Once, in a fiction writing workshop in grad school, we read the book Once Upon a River by Bonnie Jo Campbell. I thought the book was terrific. In the workshop, I admitted that I liked it very much, but that I had a problem with part of the storyline. In the book, the protagonist, a 15-year old female runaway, sleeps with every adult male who crosses her path, with the exception of an 80-year old gay man. My problem, I explained, was that I didn’t believe that so many adult males would have such low morals as to have sex with a 15-year old.

My professor and several classmates looked at me with a combination of confusion and derision. I don’t think they could believe my naivete. To them, the storyline was completely believable. Their lived experience told them that what the young protagonist went through was not only believable, but expected. My experience, on the other hand, told me that adults simply don’t act this way.

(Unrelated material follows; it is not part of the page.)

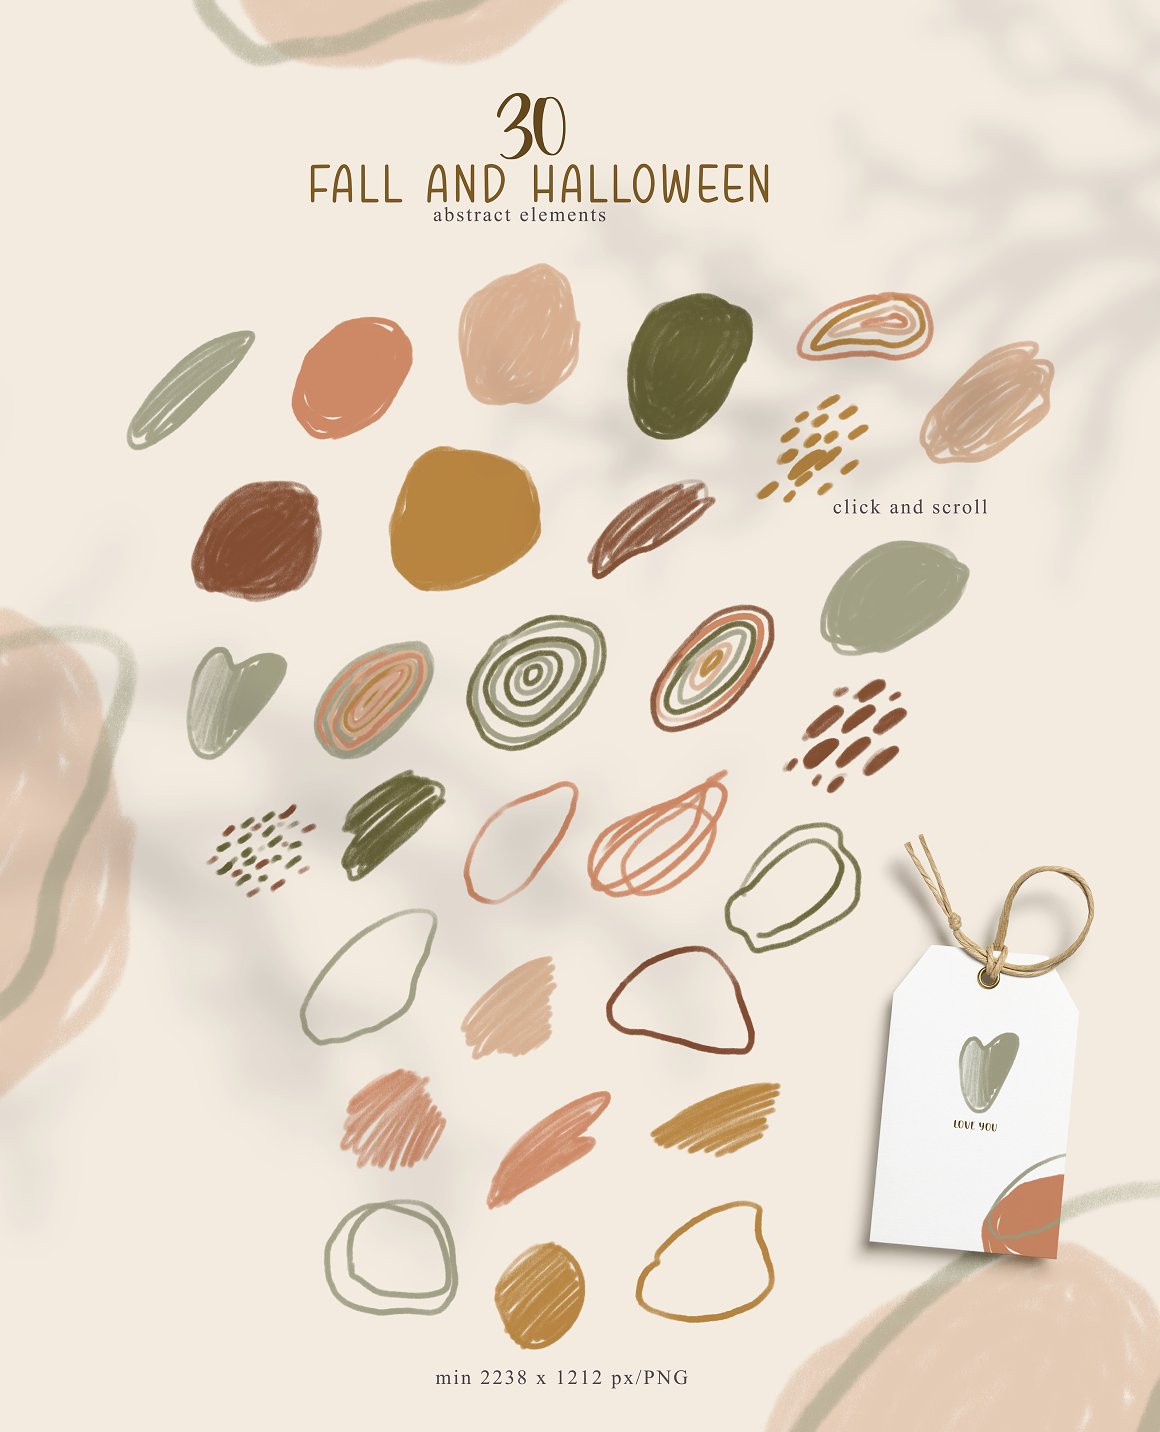 Clipart of 30 fall and halloween abstract elements.
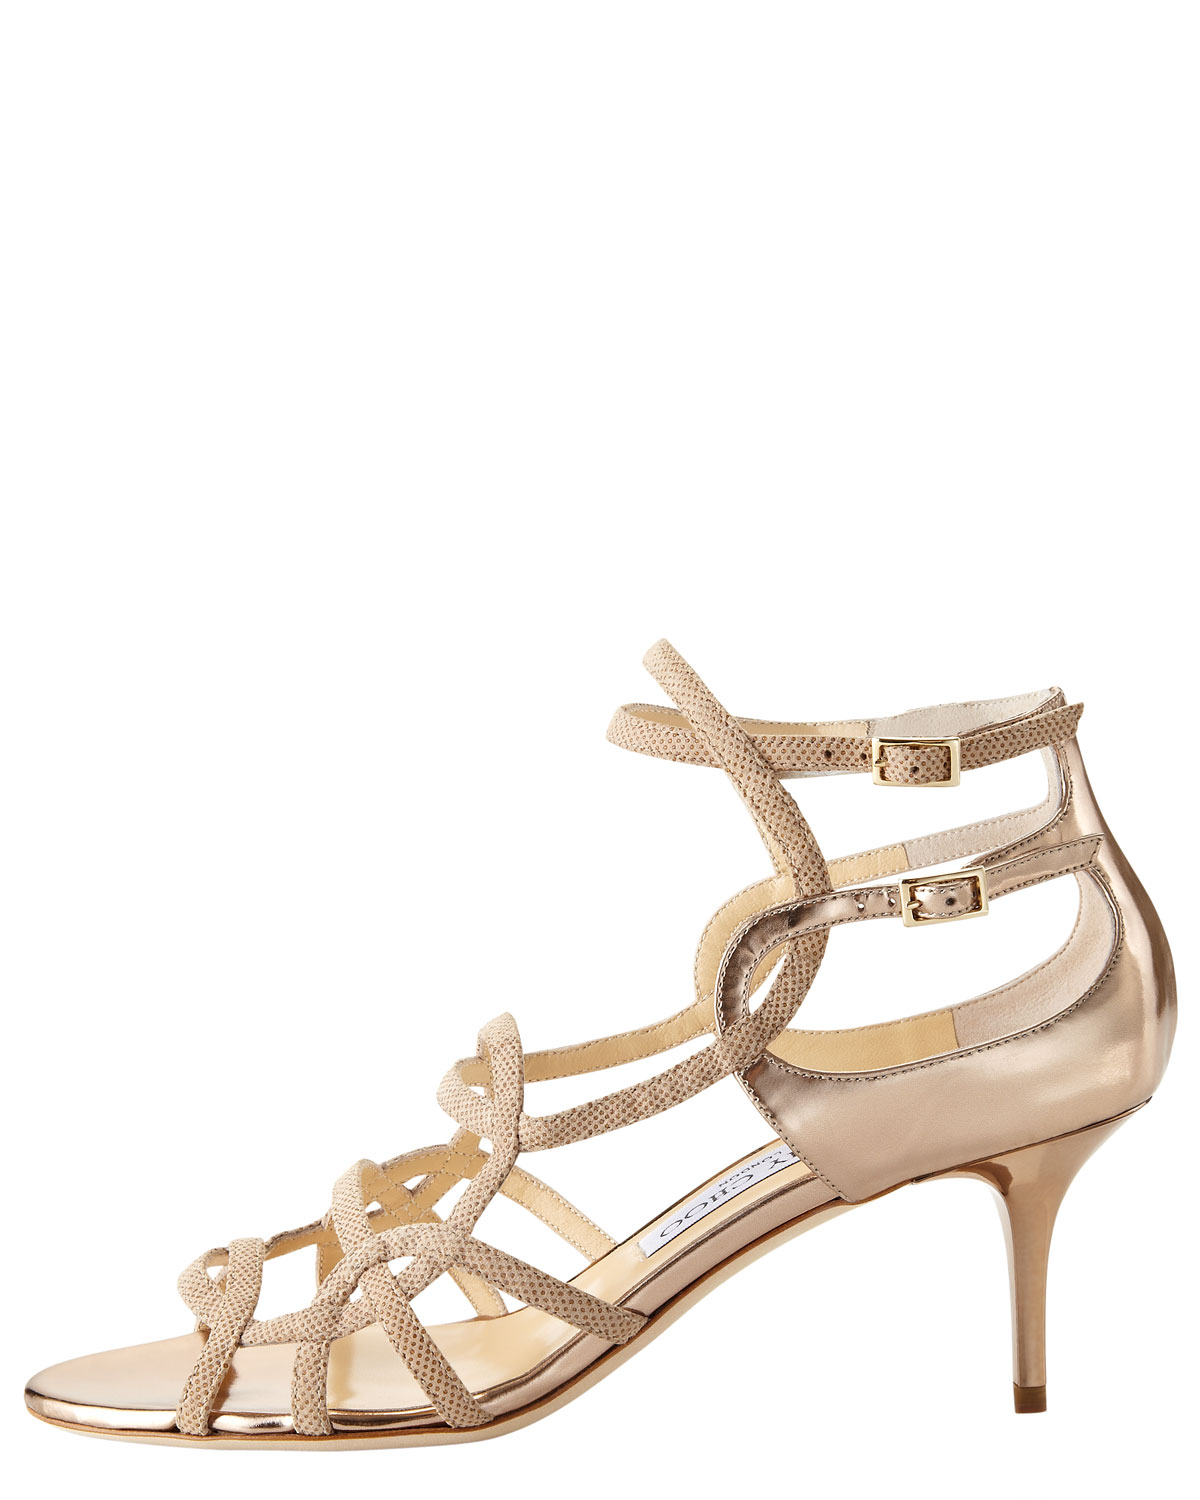 Jimmy choo Strappy Low-heel Sandal in Natural | Lyst

I have to admit that in the intervening years, I have come closer to sharing my professor’s and classmates’ opinions. People are not as good as I thought they were. And in particular, adult males are not as good. This saddens me, but it does open my eyes more to the world as it is, rather than the world that I saw while looking through rose-colored glasses. And, although I’m not happy to learn that the world isn’t the generally good place I thought it was, as a writer, it is good to know the truth, or at least as much of the truth as I can.